The National Institute for Health and Care Excellence (NICE) Have today recommended the adoption of the iFuse device by Si-Bone, a Device Access Client.
The case for adopting the iFuse implant system to treat chronic sacroiliac joint pain is supported by the evidence. Using iFuse leads to improved pain relief, better quality of life and less disability compared with non-surgical management.
iFuse should be considered for use in people with a confirmed diagnosis of chronic sacroiliac joint pain (based on clinical assessment and a positive response to a diagnostic injection of local anaesthetic in the sacroiliac joint) and whose pain is inadequately controlled by non-surgical management.
Cost modelling indicates that after 8 years, using iFuse instead of non-surgical management will save the NHS around £129 per patient. It is likely that savings will then increase over time. Savings mainly come from fewer steroid joint injections and less pain relief medication with iFuse compared with non-surgical management.

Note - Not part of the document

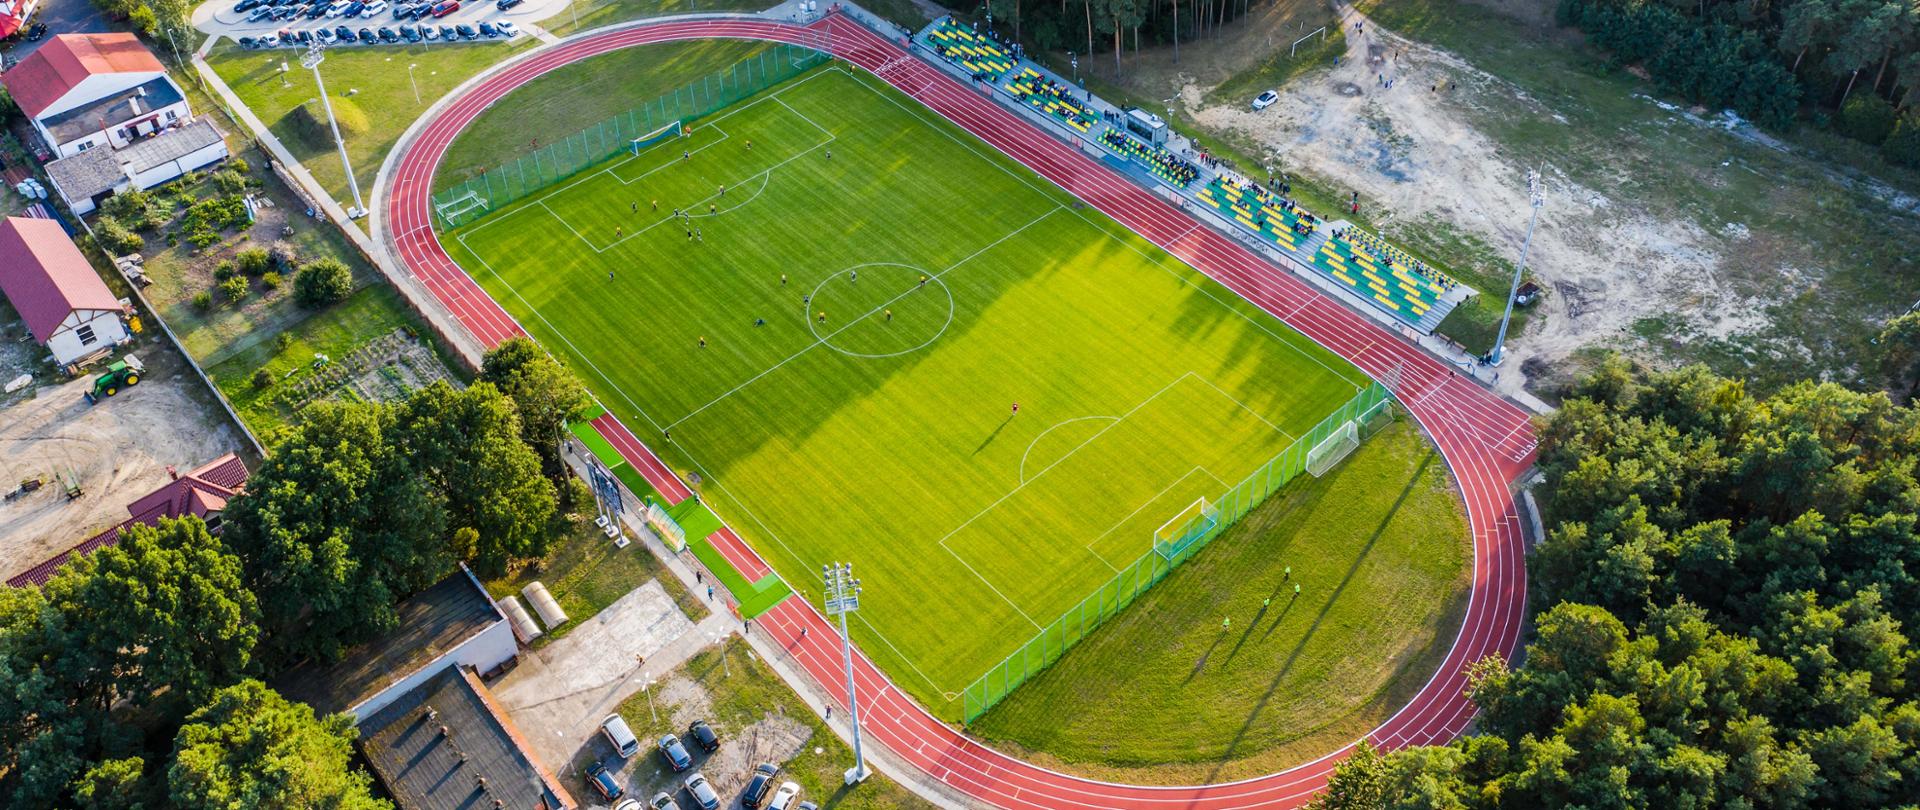 Widok z góry na stadion, boisko piłkarskie otoczone bieżnią lekkoatletyczną

The iFuse implant system (SI‑Bone) is a titanium implant intended for use in people with chronic sacroiliac joint pain. iFuse is placed across the sacroiliac joint using minimally invasive surgery, where it is intended to stabilise the joint and to correct any misalignment or weakness that can cause chronic pain. The implant is triangular, which is designed to limit movement and spread shear stresses evenly. It has a porous metal coating, which the company claims promotes bone-on-bone growth and encourages joint fusion. Typically, 3 implants are used per joint, depending on the size of the pelvis. Implanting iFuse is a technically challenging procedure for which surgeons need specific training (provided at no additional cost by the company).
The cost of iFuse stated in the company’s submission is £4,059, which includes 3 implants and the necessary consumables for the procedure. The cost of theatre time is estimated to be £1,310 per procedure (using HRG code HN13A‑F – Major hip procedures from NHS reference costs for 2015/16).
The claimed benefits in the case for adoption presented by the company are listed in the scope of this evaluation.
Chronic sacroiliac joint pain can affect people of any age and usually needs lifelong management. The standard of care is escalating non-surgical management, typically beginning with analgesic therapy (such as non-steroidal anti-inflammatory drugs or opioids) combined with physiotherapy. If these initial treatments are ineffective, invasive procedures may be considered. These include steroid injections into the sacroiliac joint itself and radiofrequency ablation to the nerves that supply the joint. Sacroiliac joint fusion may be considered if the chronic pain continues. This can be done through open surgery or through a minimally invasive procedure, using a device such as iFuse. Invasive procedures and surgical treatments for chronic sacroiliac joint pain are usually done by spinal surgeons and orthopaedic trauma pelvic surgeons working in specialist centres.